The present disclosure generally relates to moving object detection.
Numerous methods for moving object detection are used in driving assistance systems. Some solutions are based on sparse optical flows, which may achieve a relatively fast speed but have a low reliability. That is because mismatches between feature points always occur. Some solutions are based on dense optical flows to improve the robustness. However, expensive stereo cameras are necessary for obtaining dense optical flows.
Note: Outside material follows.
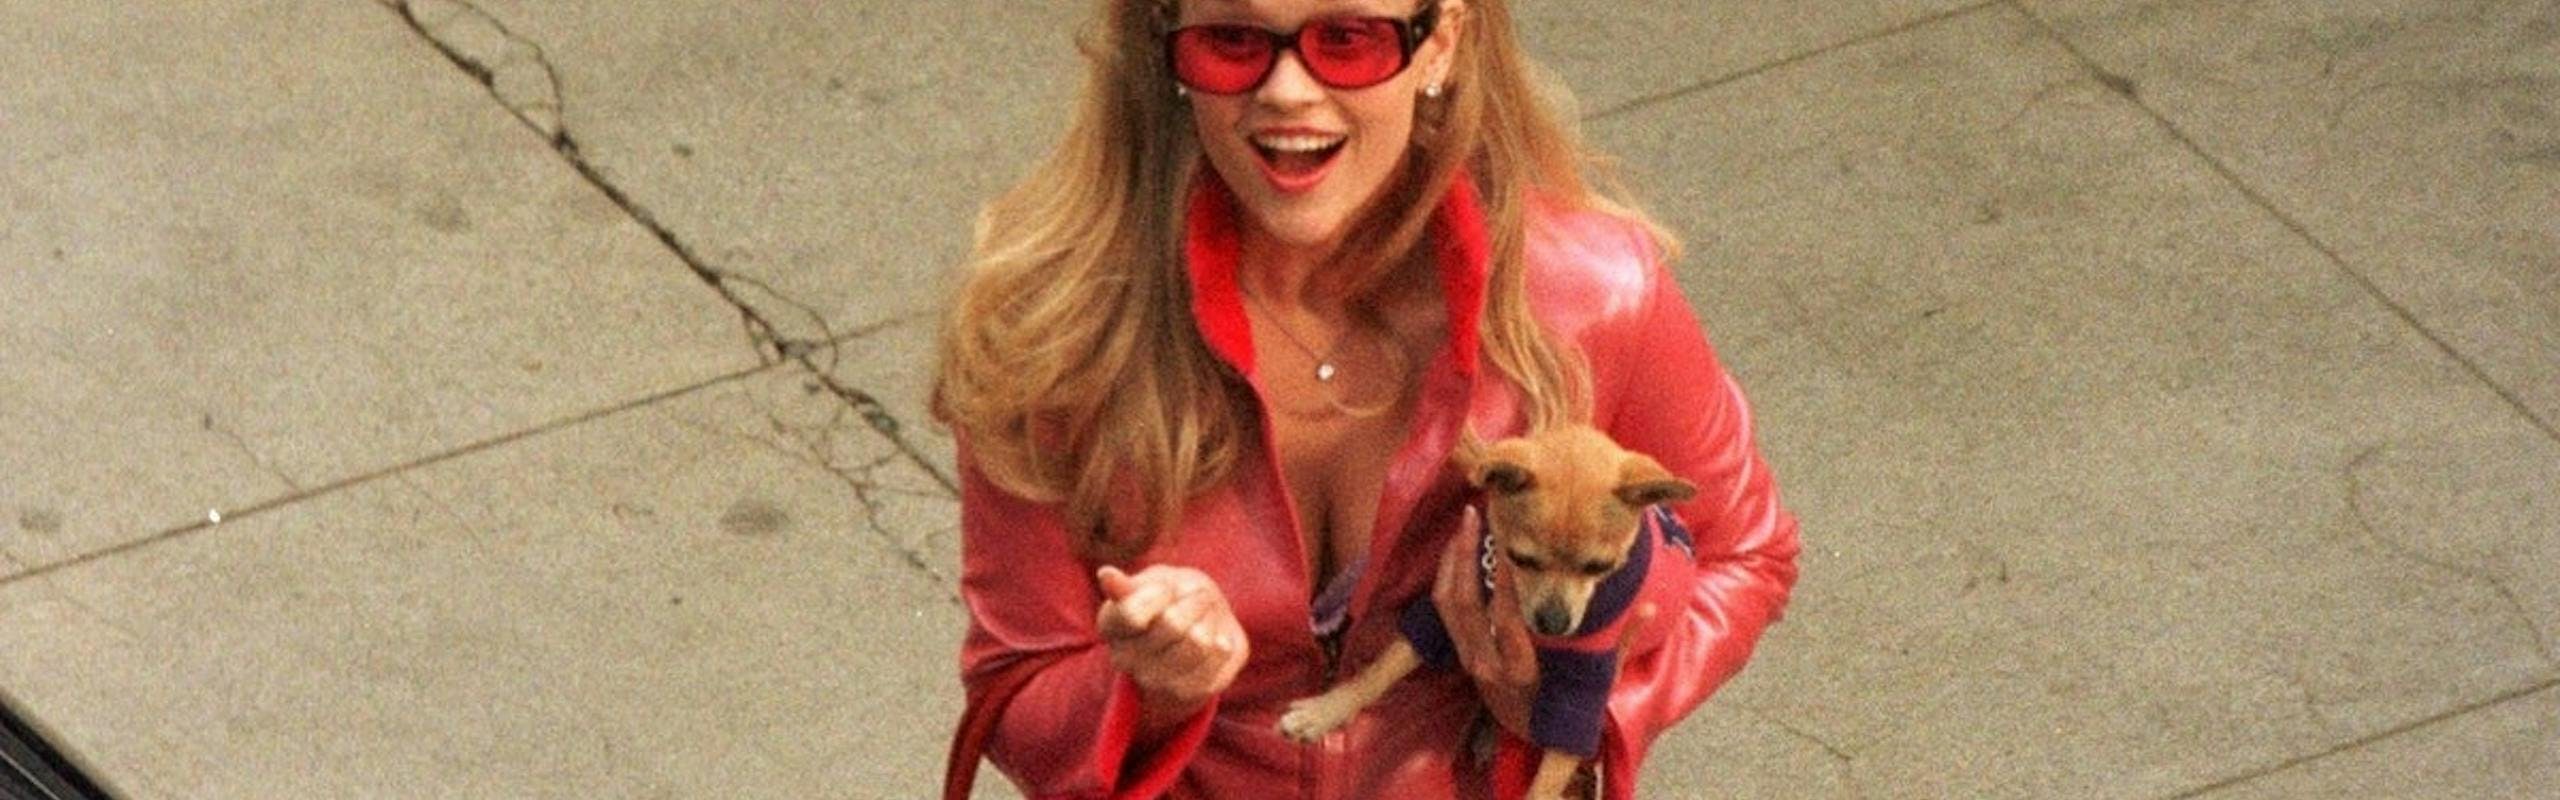 Elle Woods rocking the Barbiecore trend on set of Legally Blonde in a pink leather outfit.

Therefore, a robust but economical method for moving object detection is desired.
According to one embodiment of the present disclosure, a method for moving object detection is provided. The method may include: obtaining a first image captured by a monocular camera at a first time point and a second image captured by the monocular camera at a second time point; calculating dense optical flows based on the first and second images; and identifying a moving object based on the calculated dense optical flows. Since the moving object detection method is based on dense optical flow and a monocular camera, both high detection accuracy and low cost can be achieved.
In some embodiments, the dense optical flows may be calculated based on an assumption that the brightness value of a pixel in the first image shall be equal to the brightness value of a corresponding pixel in the second image.
In some embodiments, the dense optical flows may be calculated based on a TV-L1 method.
In some embodiments, the first and second images may be preprocessed before calculating the dense optical flows. In some embodiments, upper parts of the first and second images may be removed, and the dense optical flows may be calculated based on the rest lower parts of the first and second images. In some embodiments, structure-texture decomposition based on a ROF (Rundin, Osher, Fatime) model may be used to preprocess the first and second images. In some embodiments, pyramid restriction may be applied. As a result, efficiency and robustness for illumination changes may be increased.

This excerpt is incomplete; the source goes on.